■ Supplied information
:::::
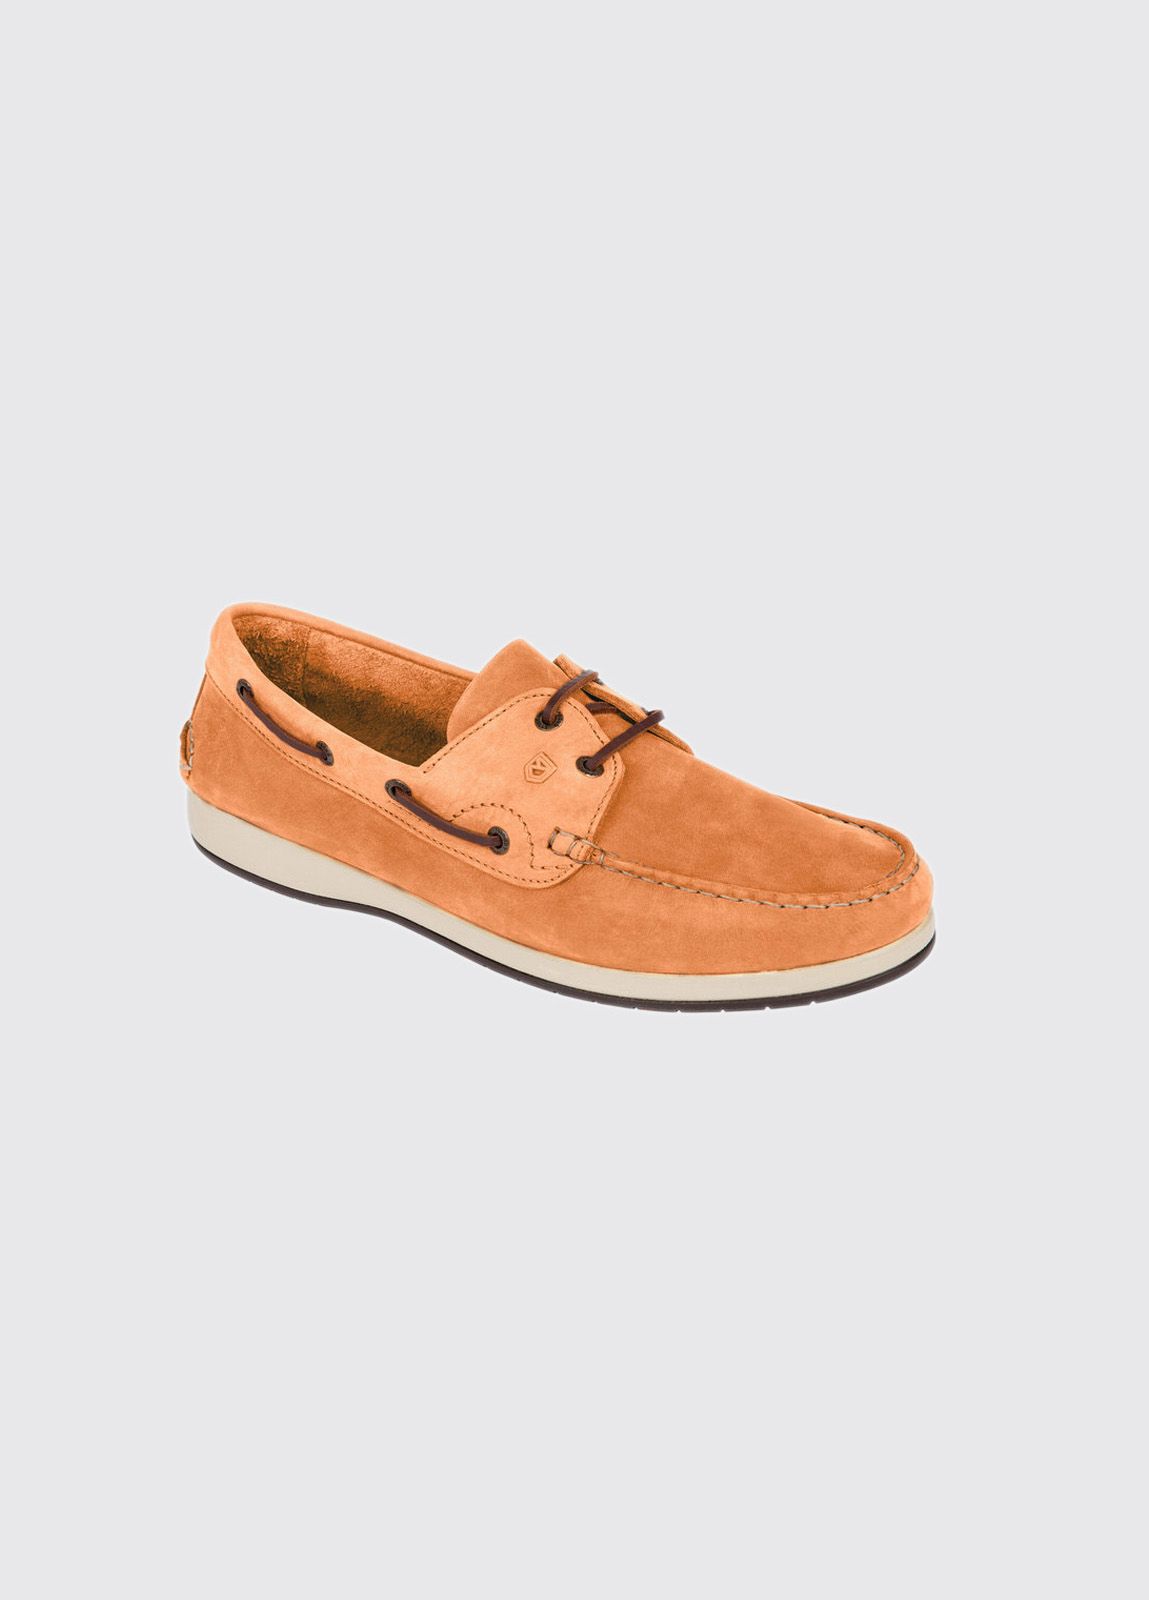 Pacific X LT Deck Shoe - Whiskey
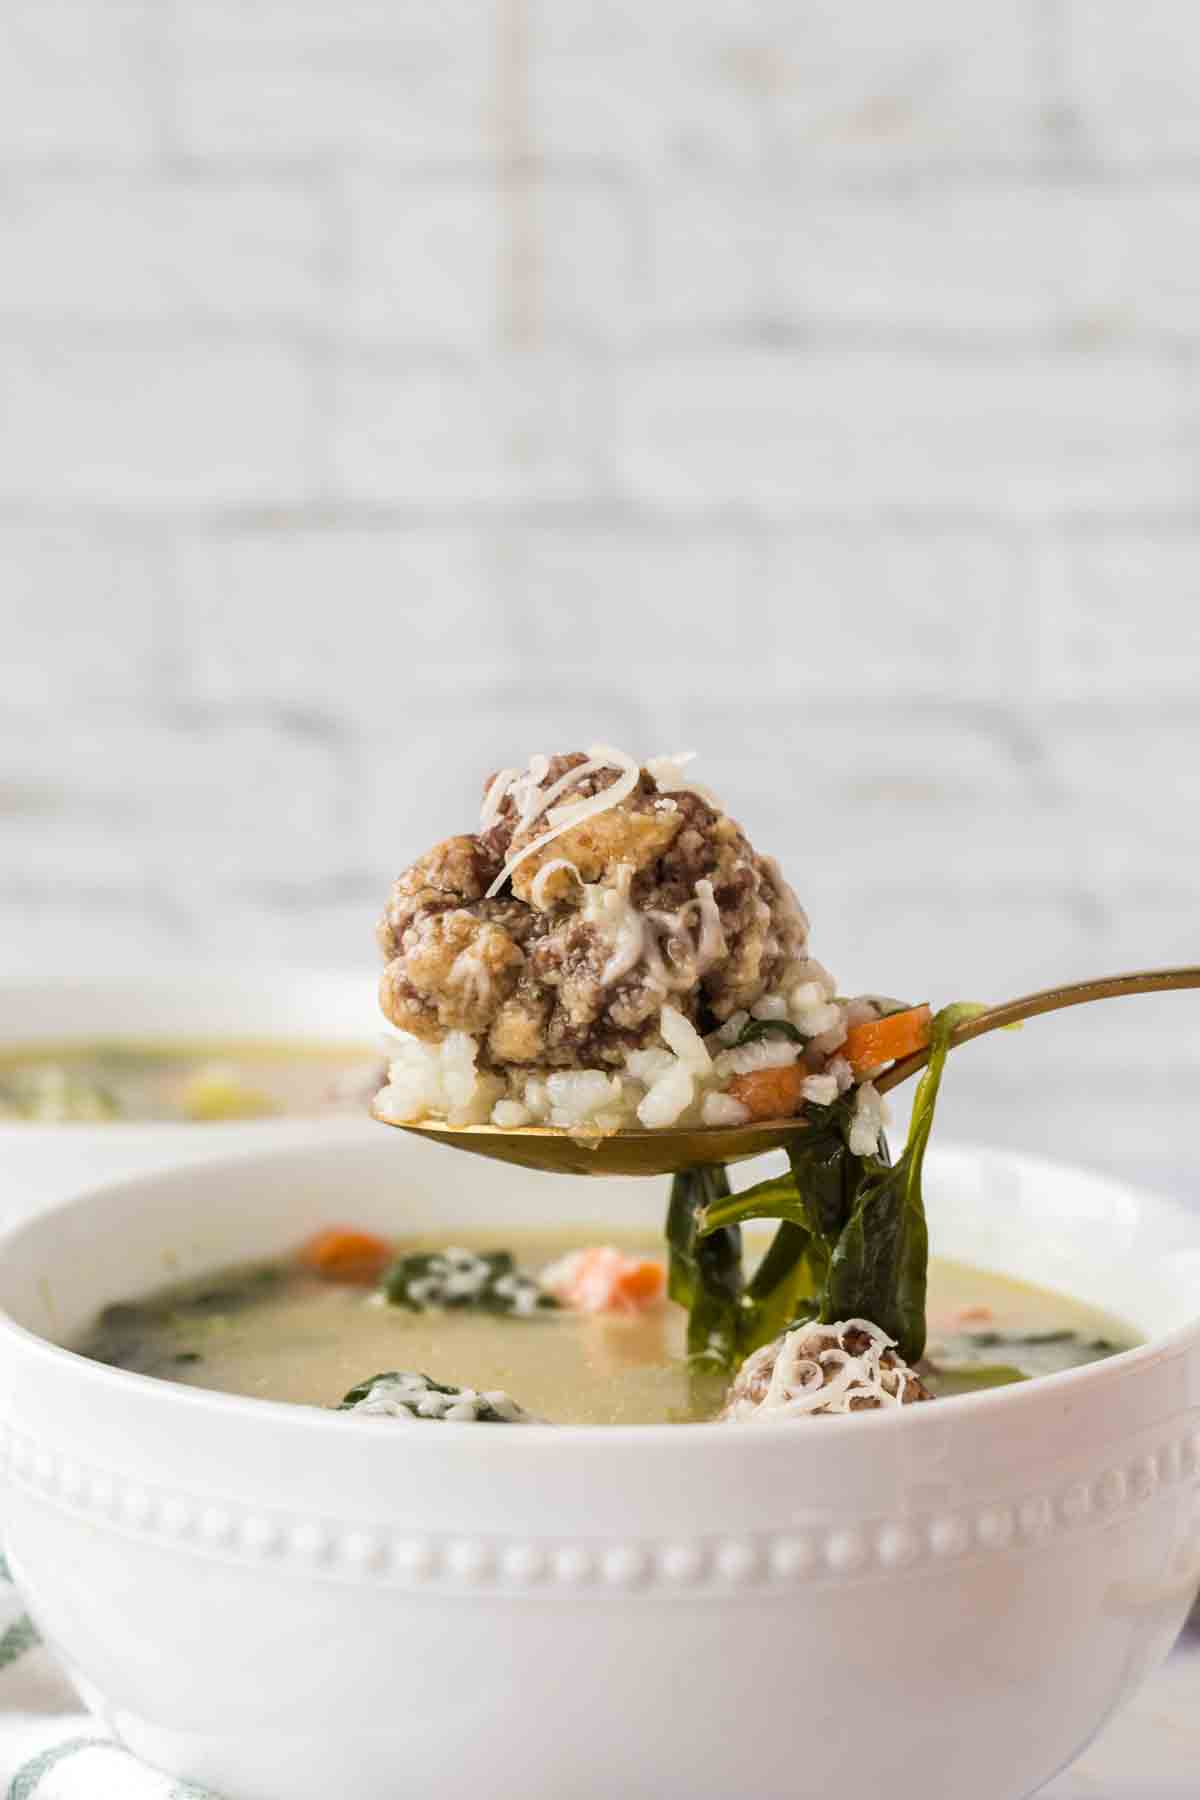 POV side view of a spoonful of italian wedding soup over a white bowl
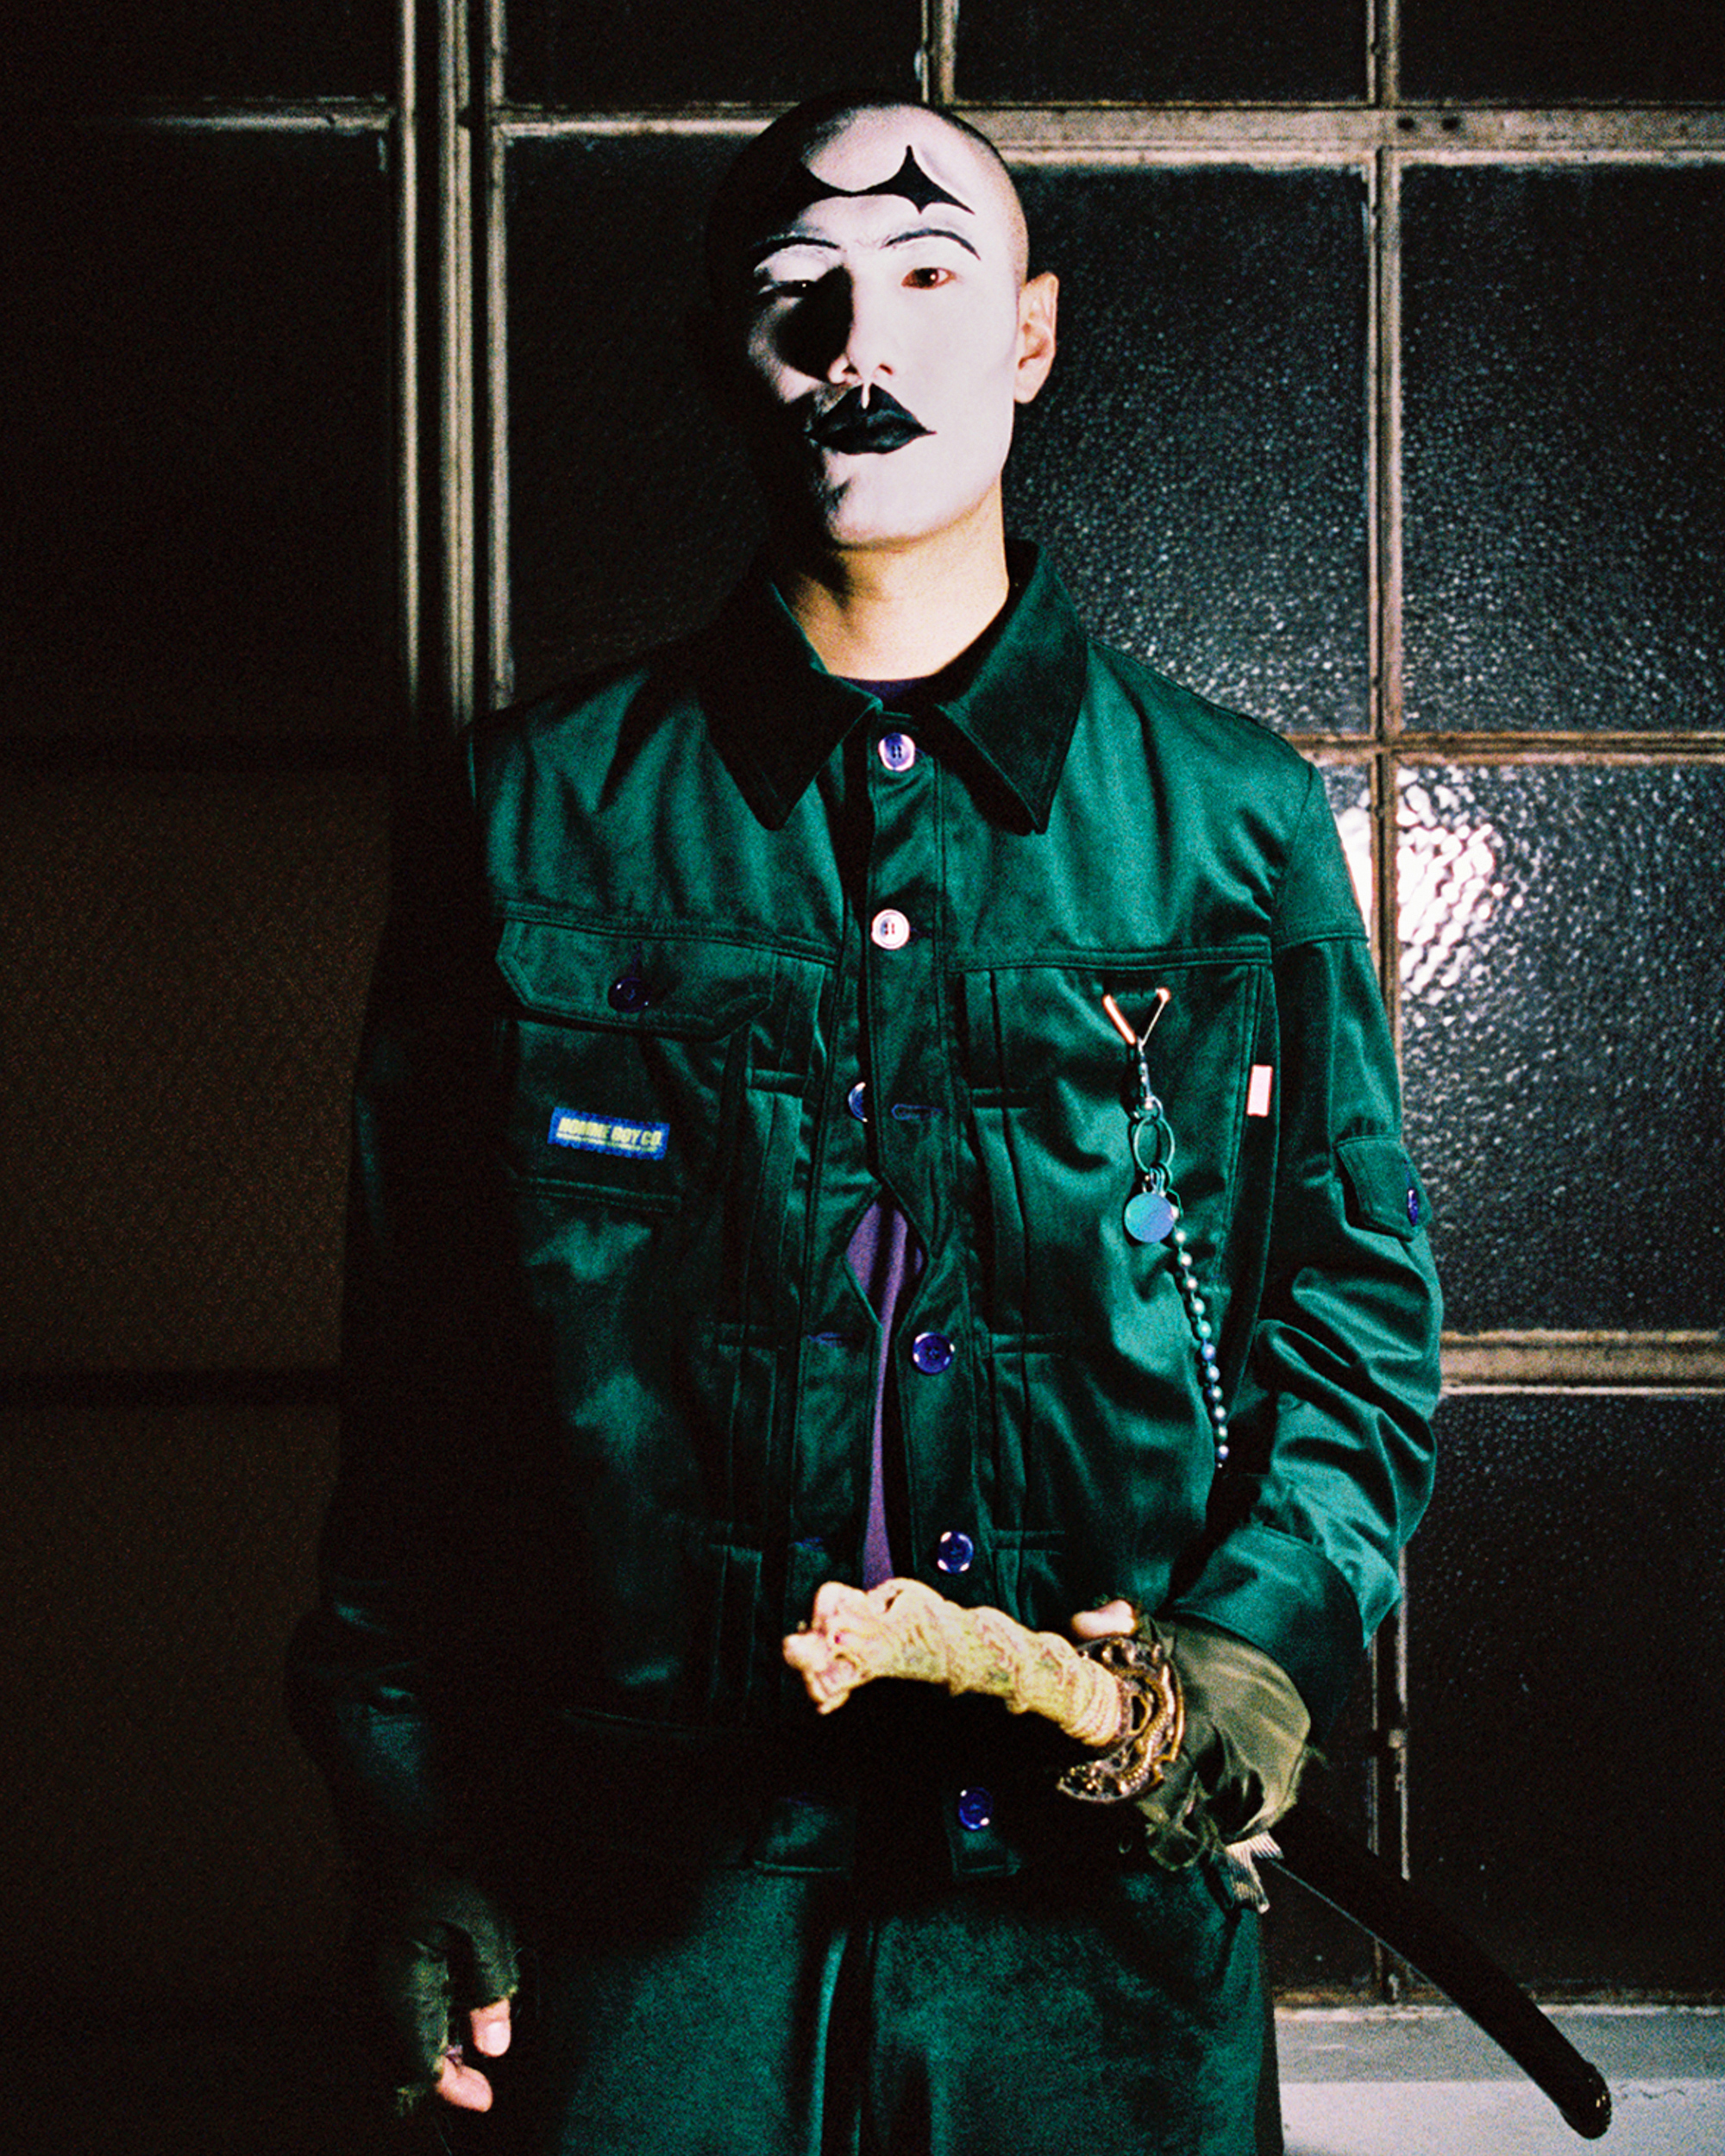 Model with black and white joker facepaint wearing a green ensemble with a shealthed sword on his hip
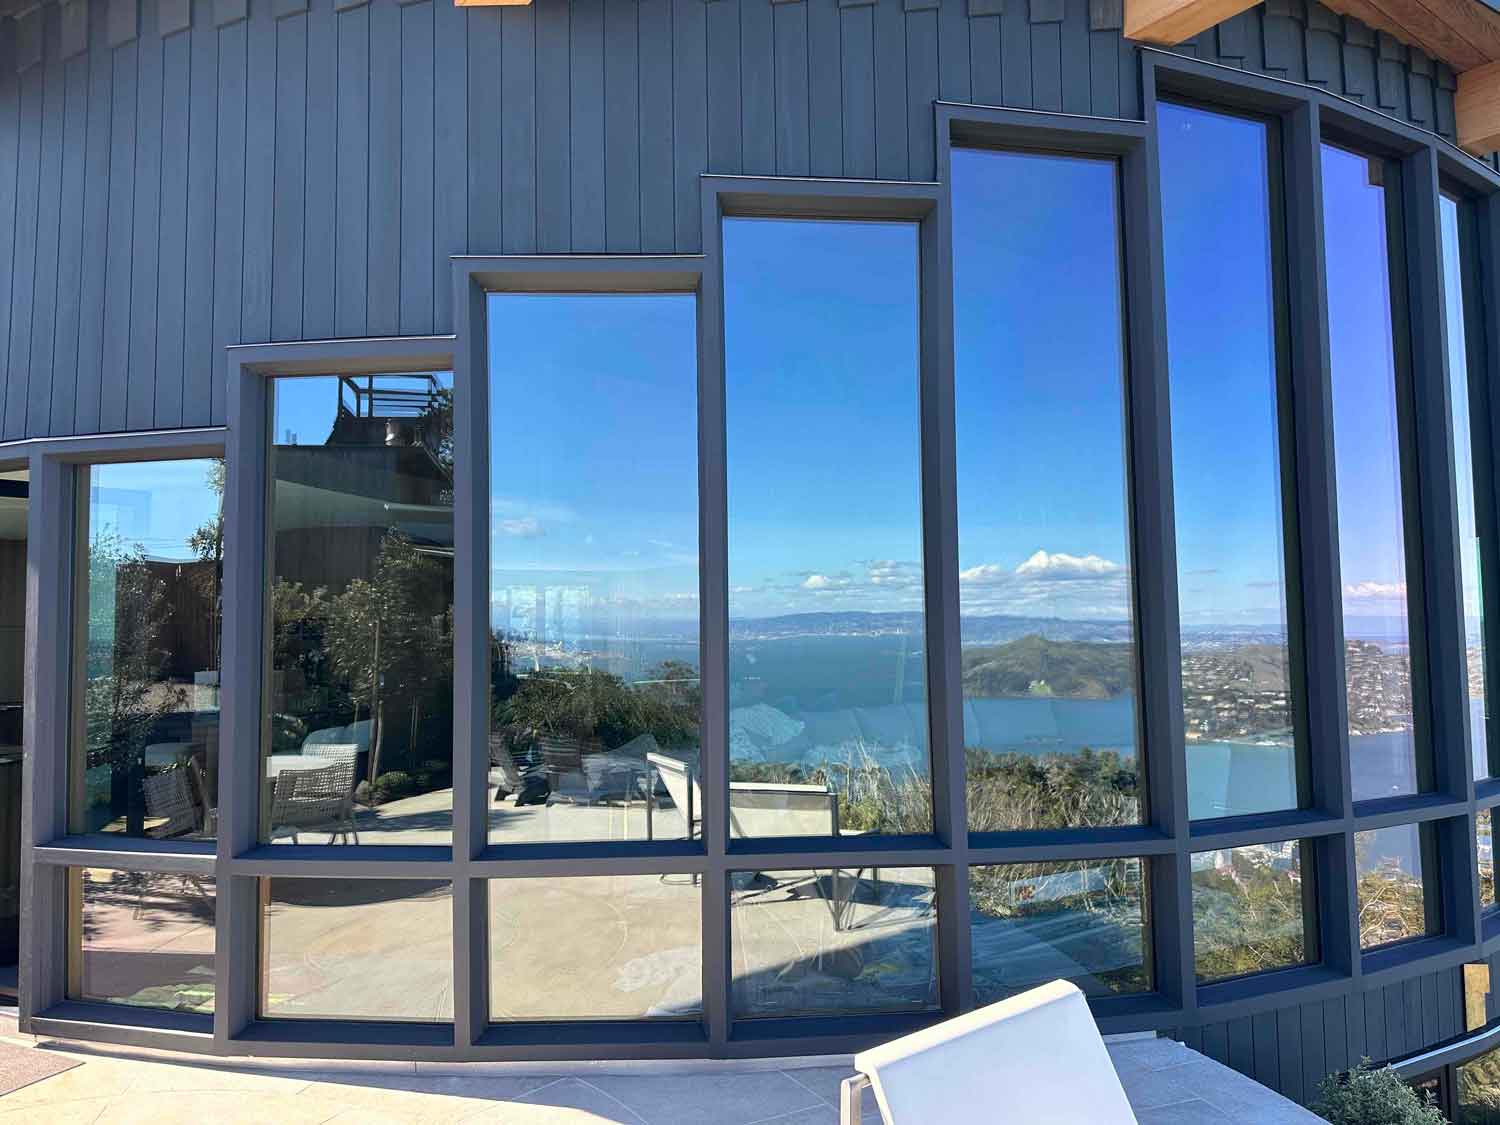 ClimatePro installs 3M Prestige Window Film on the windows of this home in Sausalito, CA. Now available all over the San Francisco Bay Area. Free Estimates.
:::::
■ Instructions to follow
From the line that contains "Model with black" to the end of the material above, output every line exactly, both ends included, but leave out any pictures.

■ Solution
 Model with black and white joker facepaint wearing a green ensemble with a shealthed sword on his hip
 ClimatePro installs 3M Prestige Window Film on the windows of this home in Sausalito, CA. Now available all over the San Francisco Bay Area. Free Estimates.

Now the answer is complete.